Streamlit Security Implementation Guide

Overview

This document outlines the comprehensive security measures implemented for file uploads in the AIAgents4Pharma Streamlit applications. The security implementation addresses file validation, content scanning, and protection against various attack vectors.

Security Architecture

Multi-Layer Validation

The security implementation uses a multi-layer approach:

File Extension Validation - Whitelist approach for allowed file types
MIME Type Verification - Detects file masquerading attacks
File Size Limits - Prevents DoS attacks and resource exhaustion
Content Pattern Scanning - Detects malicious content patterns
Filename Sanitization - Prevents directory traversal attacks

Implementation Details

Core Security Functions

`secure_file_upload()`

The main security wrapper that replaces st.file_uploader():

from app.frontend.utils.streamlit_utils import secure_file_upload

# Basic usage
uploaded_file = secure_file_upload(
    "Upload Document",
    allowed_types=["pdf"],
    help_text="Upload a PDF document",
    max_size_mb=50,
    accept_multiple_files=False
)

`validate_uploaded_file()`

Comprehensive validation engine that performs: - File extension checks against whitelist - MIME type detection using python-magic - File size validation - Content pattern scanning - Security threat detection

`sanitize_filename()`

Filename sanitization to prevent: - Directory traversal attacks (../../../etc/passwd) - Dangerous characters in filenames - Overly long filenames - Reserved system names

Supported File Types

PDF Files

pdf_file = secure_file_upload(
    "Upload Research Paper",
    allowed_types=["pdf"],
    max_size_mb=50
)

- Extensions: .pdf - MIME Types: application/pdf - Content Validation: Checks for PDF header (%PDF-) - Max Size: 50MB (configurable)

XML/SBML Files

model_file = secure_file_upload(
    "Upload Model File",
    allowed_types=["xml"],
    max_size_mb=25
)

- Extensions: .xml, .sbml - MIME Types: application/xml, text/xml - Content Validation: Checks for XML header (<?xml) - Max Size: 25MB (configurable)

Spreadsheet Files

data_file = secure_file_upload(
    "Upload Data File",
    allowed_types=["spreadsheet"],
    max_size_mb=25
)

- Extensions: .xlsx, .xls, .csv - MIME Types: Excel/CSV MIME types - Max Size: 25MB (configurable)

Text Files

text_file = secure_file_upload(
    "Upload Text Data",
    allowed_types=["text"],
    max_size_mb=10
)

- Extensions: .txt, .md - MIME Types: text/plain, text/markdown - Max Size: 10MB (configurable)

Security Configuration

Upload Limits

UPLOAD_SECURITY_CONFIG = {
    "max_file_size_mb": 50,  # Global default
    "max_filename_length": 255,
    "allowed_extensions": {
        "pdf": ["pdf"],
        "xml": ["xml", "sbml"],
        "spreadsheet": ["xlsx", "xls", "csv"],
        "text": ["txt", "md"],
    },
    "dangerous_extensions": [
        "exe", "bat", "cmd", "com", "pif", "scr", "vbs",
        "js", "jar", "app", "deb", "pkg", "dmg", "rpm",
        "msi", "dll", "sys", "drv", "sh", "bash", "ps1",
        "py", "pl", "rb", "php", "asp", "jsp"
    ]
}

Blocked Content Patterns

The system automatically blocks files containing: - Script tags: <script>, javascript:, vbscript: - Server-side code: <?php>, #!/bin/ - Dangerous functions: eval(), exec(), system() - Shell commands: #!/usr/bin/, shell_exec()

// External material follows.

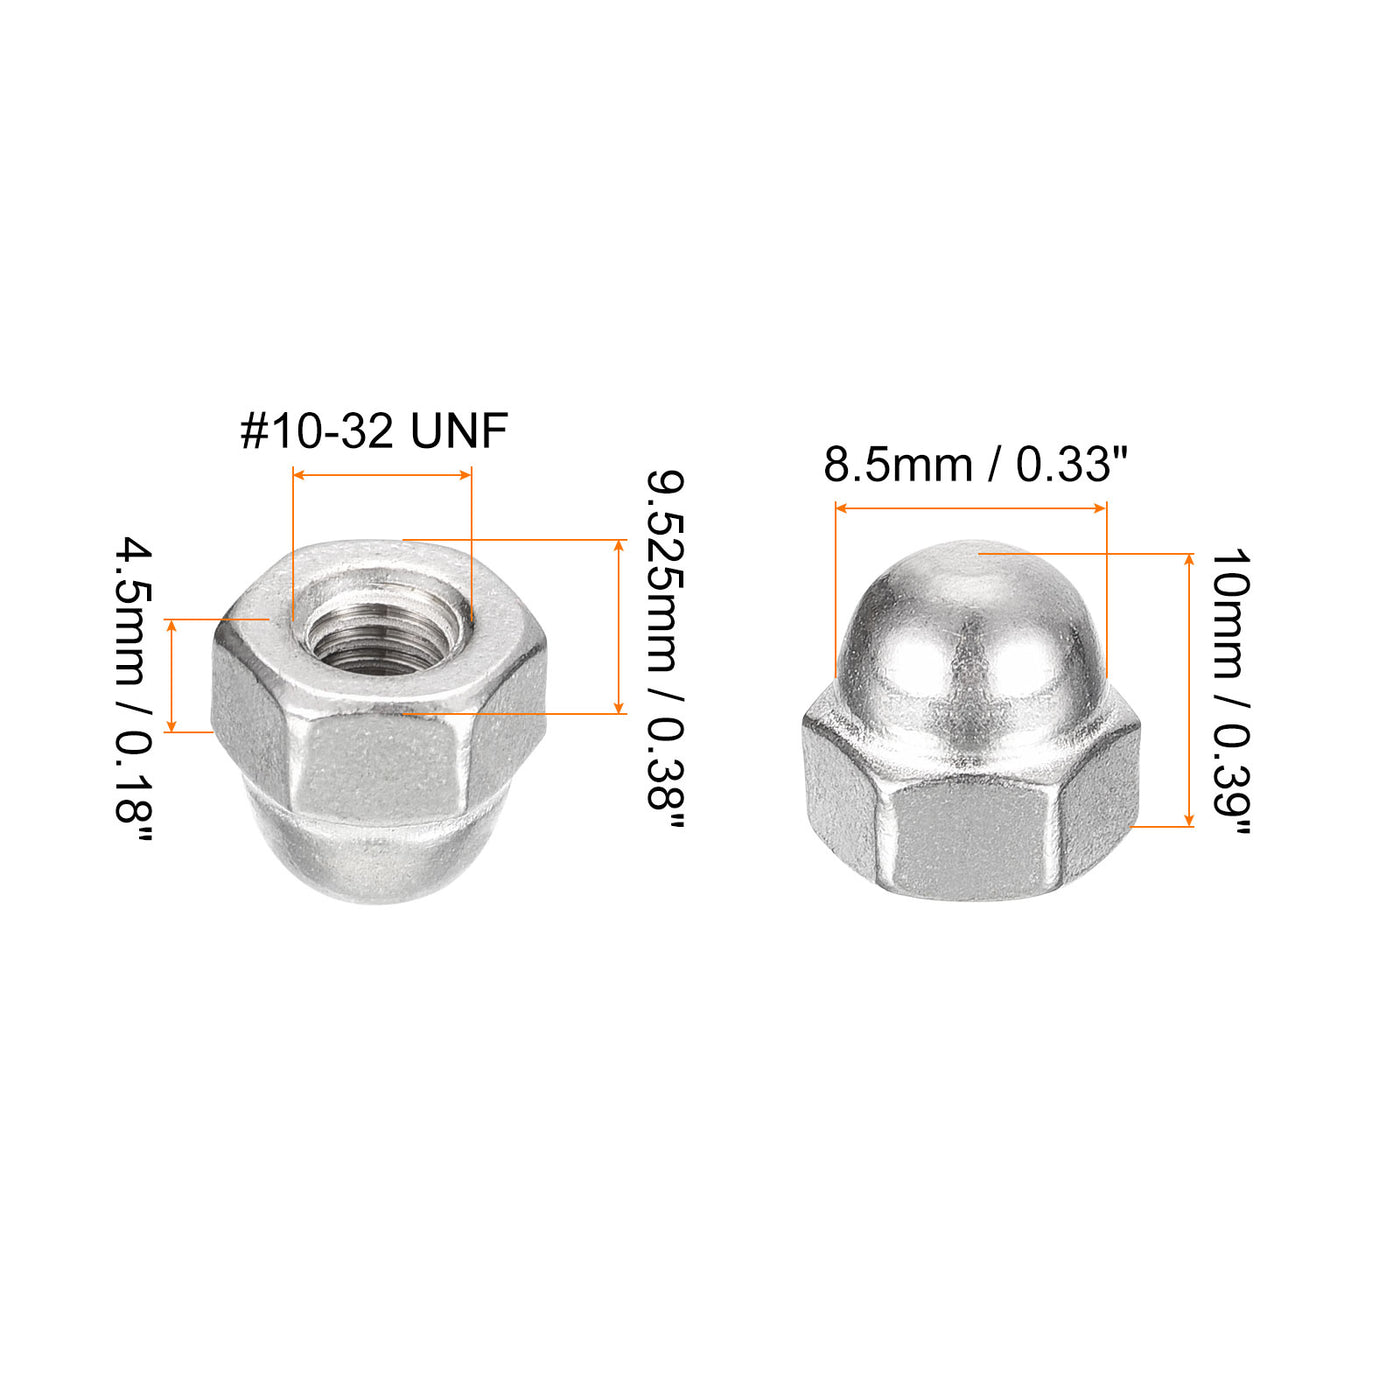 uxcell Uxcell #10-32 Acorn Cap Nuts,25pcs - 304 Stainless Steel Hardware Nuts, Acorn Hex Cap Dome Head Nuts for Fasteners (Silver)

Note: The pattern <% is only blocked in non-PDF files, as it's part of legitimate PDF syntax. For PDFs, only truly suspicious patterns like <% eval or <% system are blocked.

Application Integration

Talk2AIAgents4Pharma (Combined) — T2AA4P

T2AA4P integrates both T2B and T2KG secure uploads via shared utilities, so no additional per-app code is needed beyond calling the helpers.

# In app/frontend/streamlit_app_talk2aiagents4pharma.py

# SBML/PDF (T2B side)
uploaded_sbml_file = streamlit_utils.get_t2b_uploaded_files(app)

# Data packages and multimodal files (T2KG side)
streamlit_utils.get_uploaded_files(cfg)

# Both helpers use secure_file_upload() under the hood.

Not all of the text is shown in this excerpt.